▸ **REQUIRED WORK**: Set the material down again exactly, line by line, skipping each picture.

▸ **DATA SHOWN**:
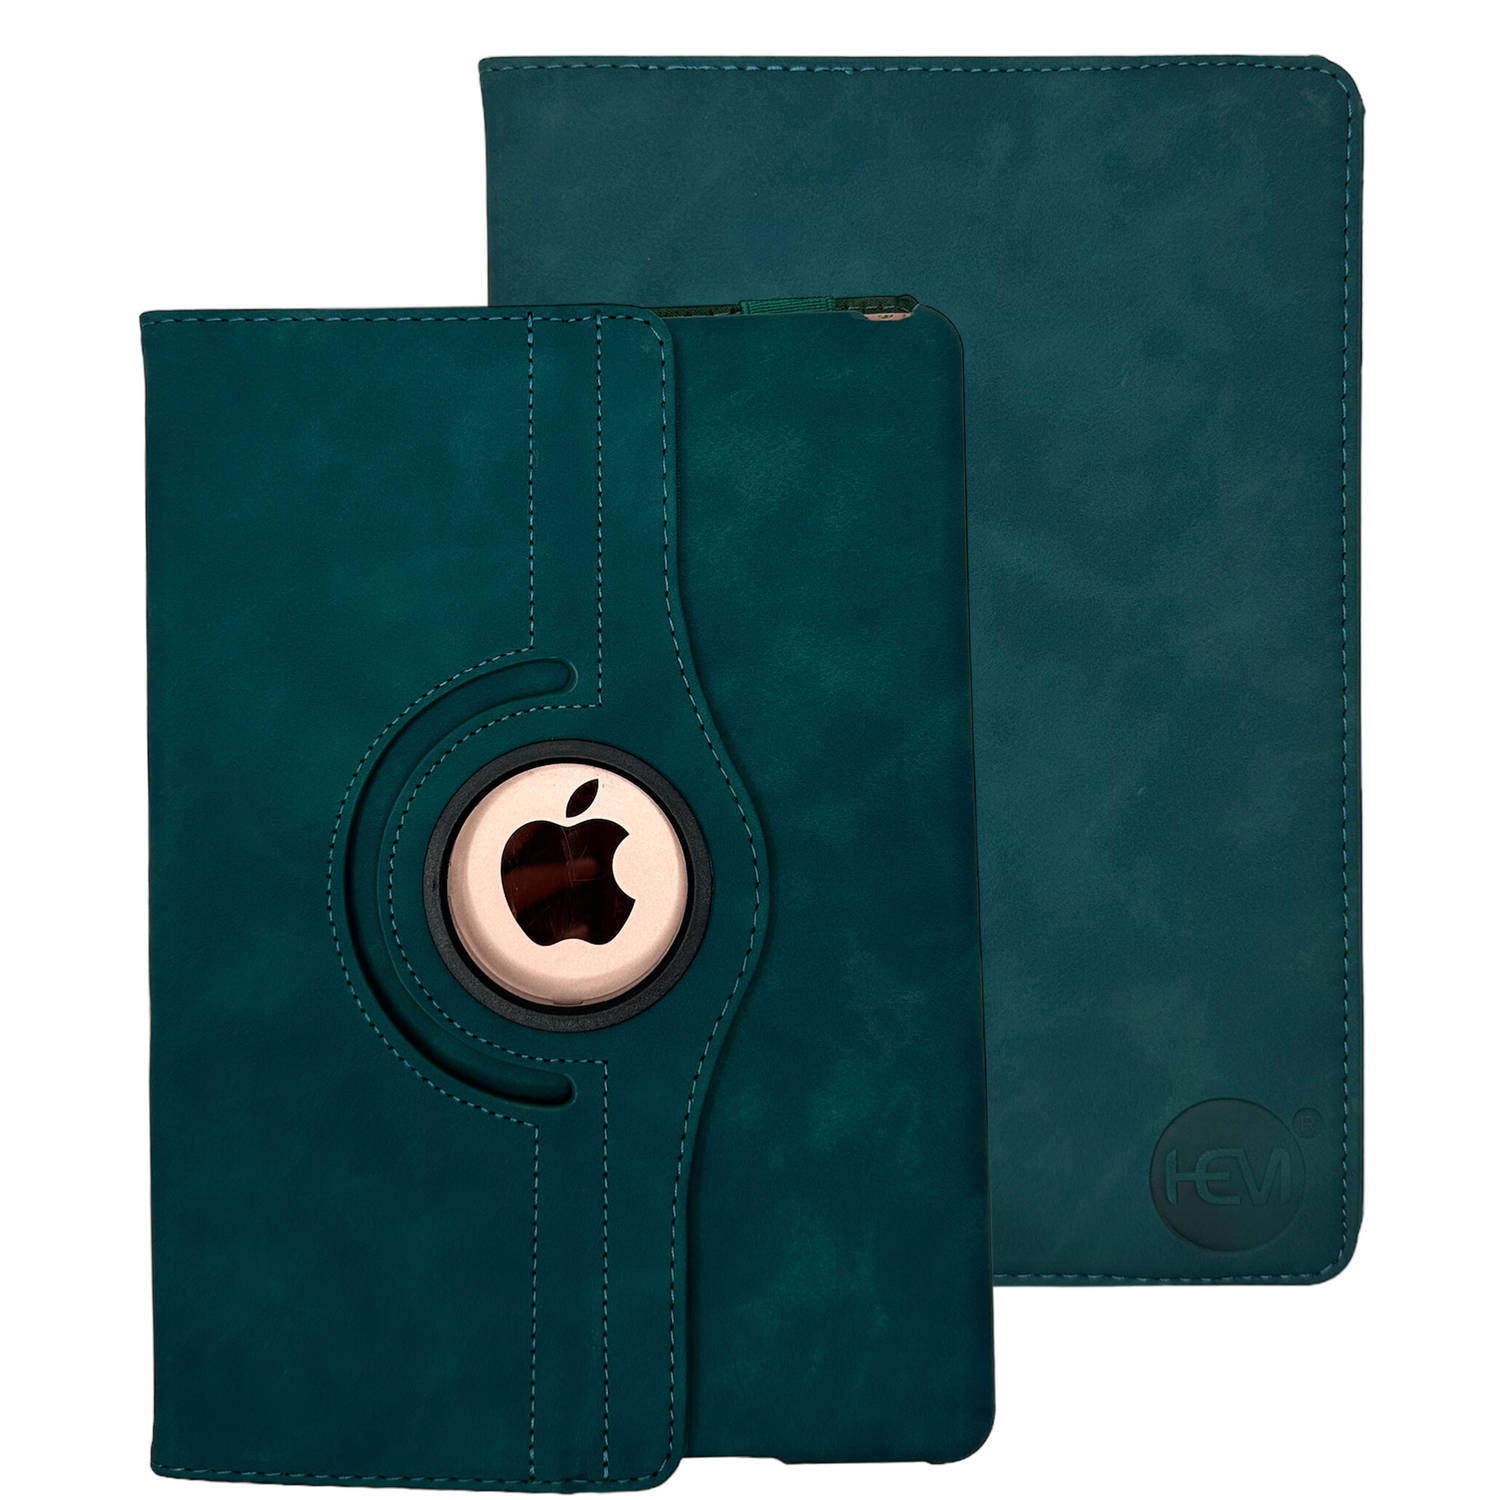 HEM Silky Green iPad hoes geschikt voor iPad Pro 12.9 (2015-2017) 12.9 inch Draaibare Cover Met Styl
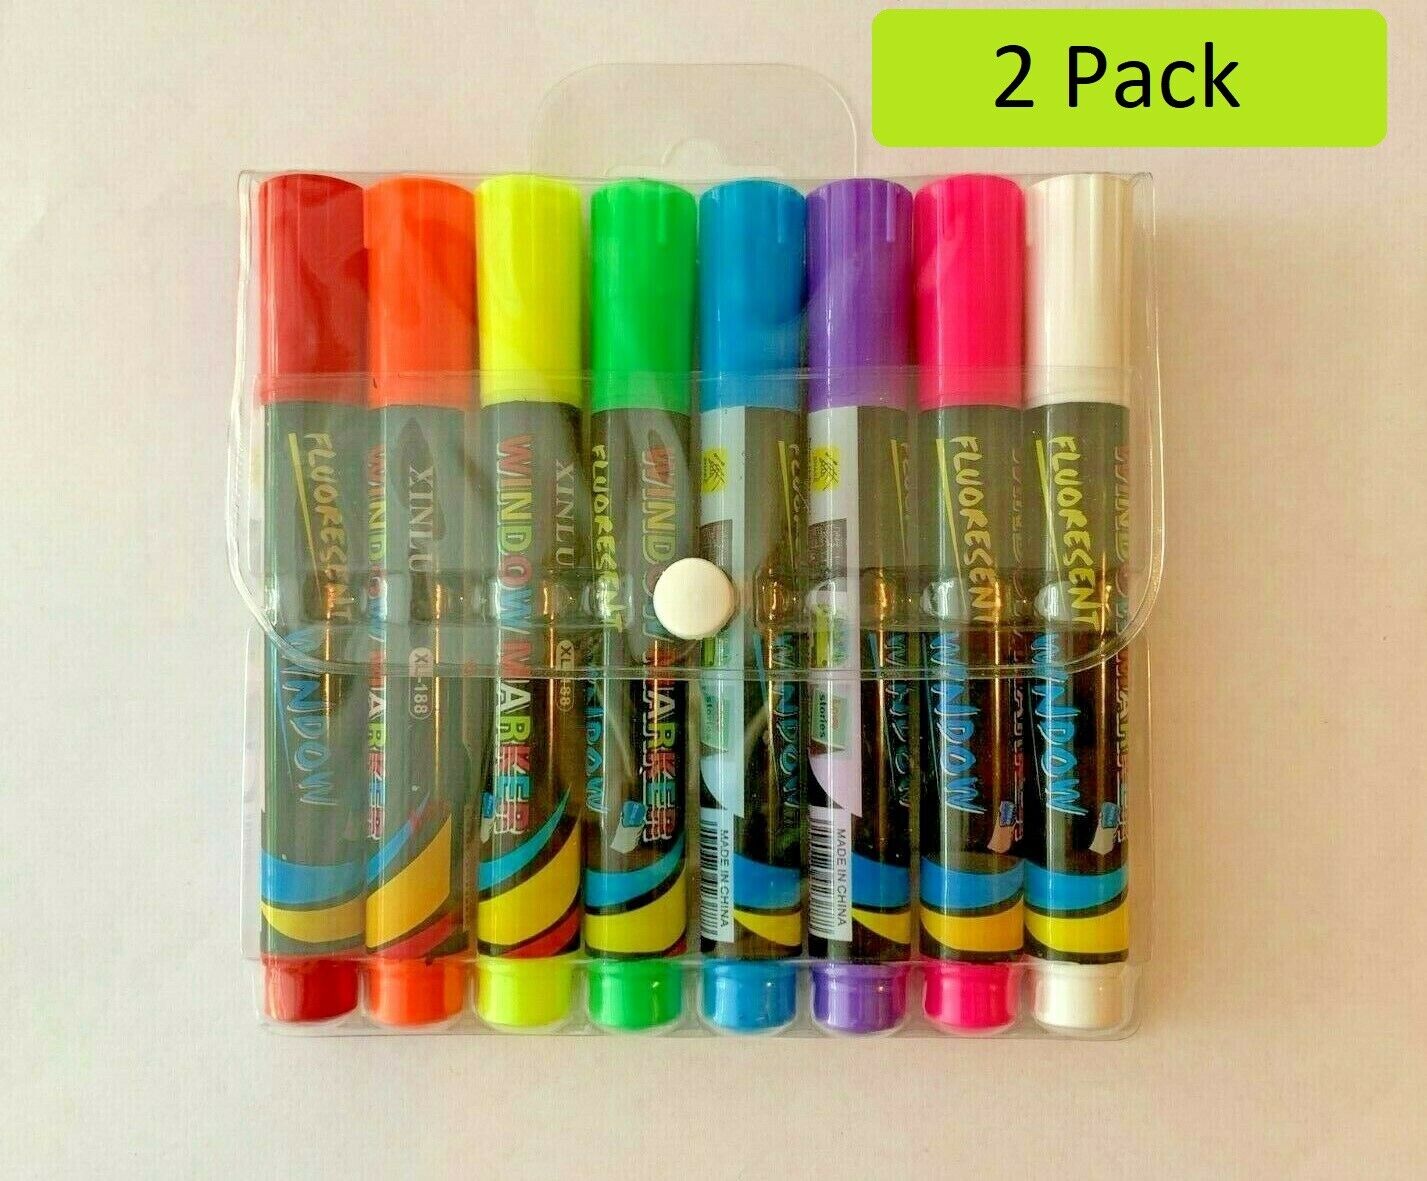 8 pcs Liquid Chalk Board Window Marker Erasable Pen Great For Chalkboard 2 Packs Unbranded Does Not Apply
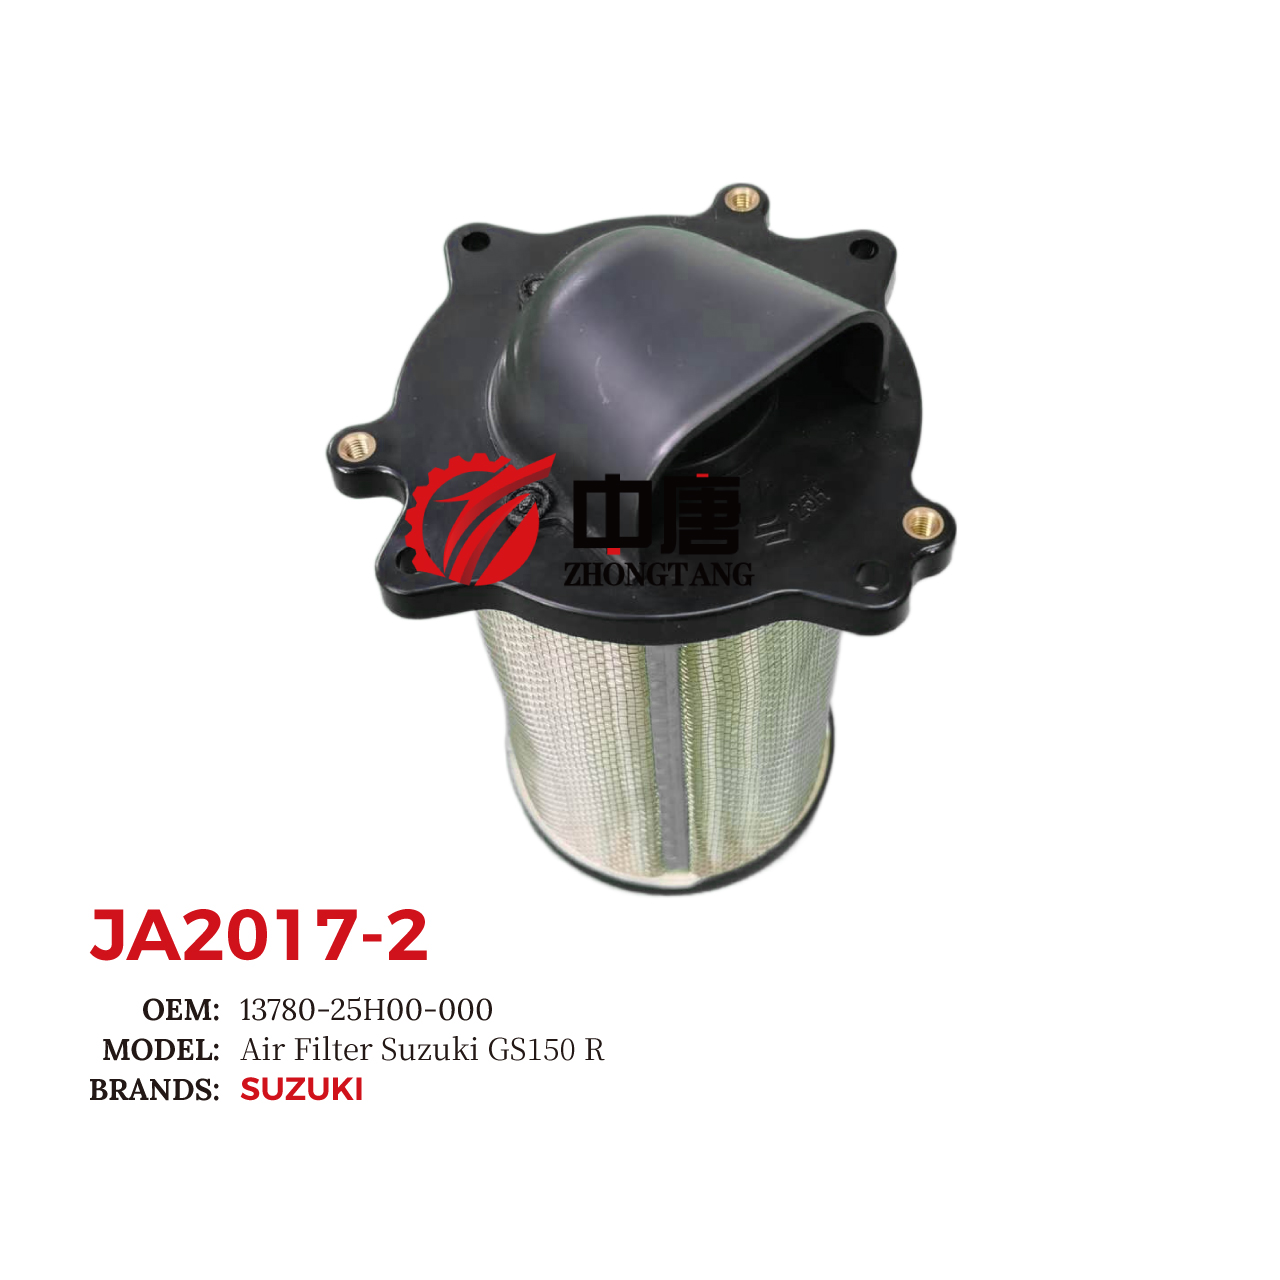 images/JA2017-2/JA2017-2_ZT_4.jpg

▸ **EXERCISE SOLUTION**:
 HEM Silky Green iPad hoes geschikt voor iPad Pro 12.9 (2015-2017) 12.9 inch Draaibare Cover Met Styl
 8 pcs Liquid Chalk Board Window Marker Erasable Pen Great For Chalkboard 2 Packs Unbranded Does Not Apply
 images/JA2017-2/JA2017-2_ZT_4.jpg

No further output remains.